I am using a table I was given of all the towns in the UK and I have realised it contains duplicates
e.g
971 Birmingham West Midlands
978 Birmingham West Midlands
993 Birmingham West Midlands
1006 Birmingham West Midlands
1047 Birmingham West Midlands
My table structure is as follows:
CREATE TABLE `towns` (
`town_id` int(11) NOT NULL,
`town` varchar(150) collate utf8_unicode_ci NOT NULL,
`county` varchar(150) collate utf8_unicode_ci NOT NULL,
PRIMARY KEY (`town_id`)
) ENGINE=MyISAM DEFAULT CHARSET=utf8 COLLATE=utf8_unicode_ci COMMENT='Towns';
I have done a search for some code to remove duplicates and found the following code but wanted to get a second opinion before using it as the site is live and I don’t want to break it:)
CREATE TABLE new_table as
SELECT * FROM old_table WHERE 1 GROUP BY [column to remove duplicates by];
DROP TABLE old_table;
RENAME TABLE new_table TO old_table;
If this is correct, then can you advise me of what to put in the square bracket?
If there is a better solution please let me know.
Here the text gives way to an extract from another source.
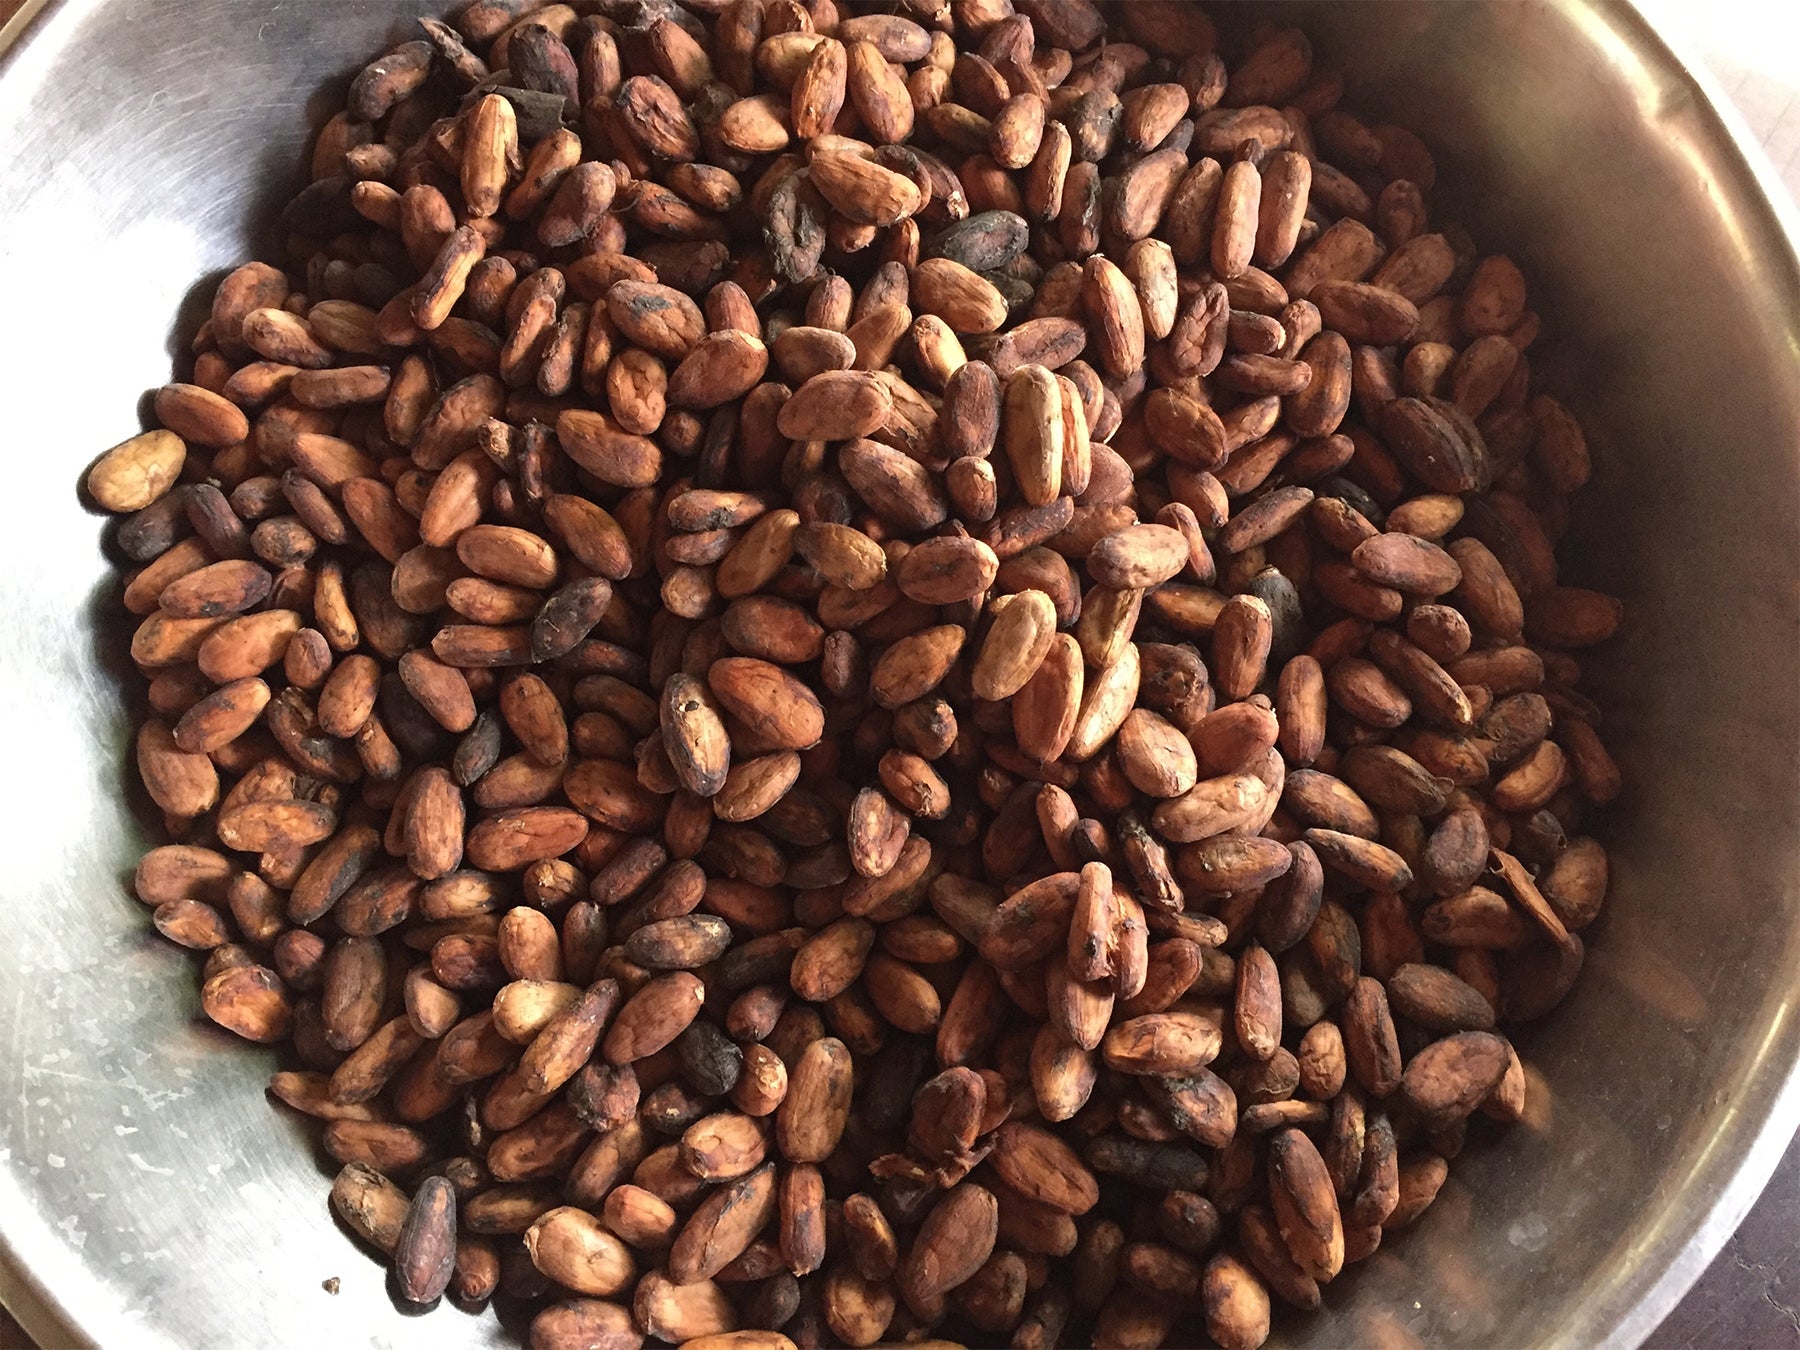 Pruebas de cacao ceremonial para detectar moho y micotoxinas

first, which database system is this? it looks like MySQL but i’m just double-checking because we have a MySQL forum but you chose to post in the Databases forum instead
second, does this query return anything –
SELECT MIN(town_id)
, town
, county
FROM towns
GROUP
BY town
, county
HAVING COUNT(*) > 1
just to be safe, back up your table data first, then try this –
DELETE towns
FROM ( SELECT MIN(town_id) AS min_id
, town
, county
FROM towns
GROUP
BY town
, county
HAVING COUNT(*) > 1 ) AS dupes
INNER
JOIN towns
ON towns.town = dupes.town
AND towns.county = dupes.county
WHERE towns.town_id > dupes.min_id
Thanks Rudy, back up made but get the following error:
#1104 - The SELECT would examine more than MAX_JOIN_SIZE rows; check your WHERE and use SET SQL_BIG_SELECTS=1 or SET SQL_MAX_JOIN_SIZE=# if the SELECT is okay
i don’t know why you would get that, nor how to fix it, but i can think of a couple of ways to get around it…
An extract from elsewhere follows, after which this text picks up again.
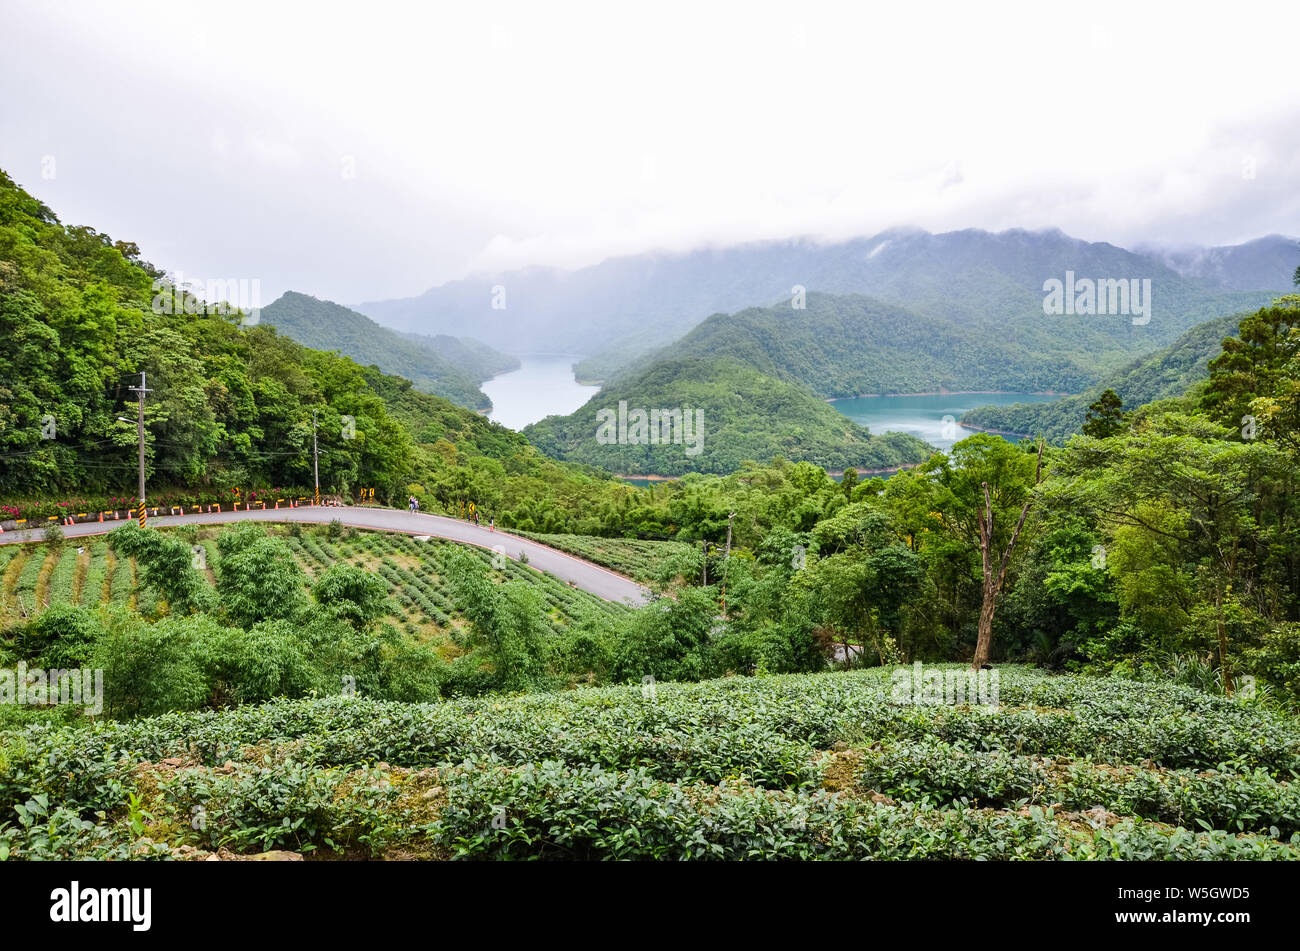 Tausend Insel See umgeben von Teeplantagen und tropischen Wald, Taiwan, Asien. Moody Landschaft. Taiwanesische Natur. Reiseziele. Oolong Tee Plantage. Stockfoto

CREATE TABLE towns_to_delete
SELECT towns.town_id
FROM ( SELECT MIN(town_id) AS min_id
, town
, county
FROM towns
GROUP
BY town
, county
HAVING COUNT(*) > 1 ) AS dupes
INNER
JOIN towns
ON towns.town = dupes.town
AND towns.county = dupes.county
WHERE towns.town_id > dupes.min_id
if this runs, you should inspect a few ids from the towns_to_delete table, and convince yourself that those ids do need to be deleted, then run this –
DELETE FROM towns WHERE town_id IN
( SELECT town_id FROM towns_to_delete )
#1104 - The SELECT would examine more than MAX_JOIN_SIZE rows; check your WHERE and use SET SQL_BIG_SELECTS=1 or SET SQL_MAX_JOIN_SIZE=# if the SELECT is okay
CREATE TABLE towns_to_delete SELECT towns.town_id
FROM (
SELECT MIN( town_id ) AS min_id, town, county
FROM towns
GROUP
BY town, county
HAVING COUNT( * ) >1
) AS dupes
INNER
JOIN towns ON towns.town = dupes.town
AND towns.county = dupes.county
WHERE towns.town_id > dupes.min_id
I tried the following from post 8 again and it still works. I guess you know it is not exactly the same query
SELECT MIN( town_id ) , town, county
FROM towns
GROUP
BY town, county
HAVING COUNT( * ) >1
LIMIT 0 , 30
After running the ALTER TABLE query, I then tried your previous CREATE TABLE towns_to_delete and it now worked.
The ids in the towns_to_delete where indeed the culprits so I ran the other query to delete them from the towns table and it is all fine now.
So I would just like to say thank you so much for all your time on this. It is really appreciated as I am trying to run before I can walk with this site.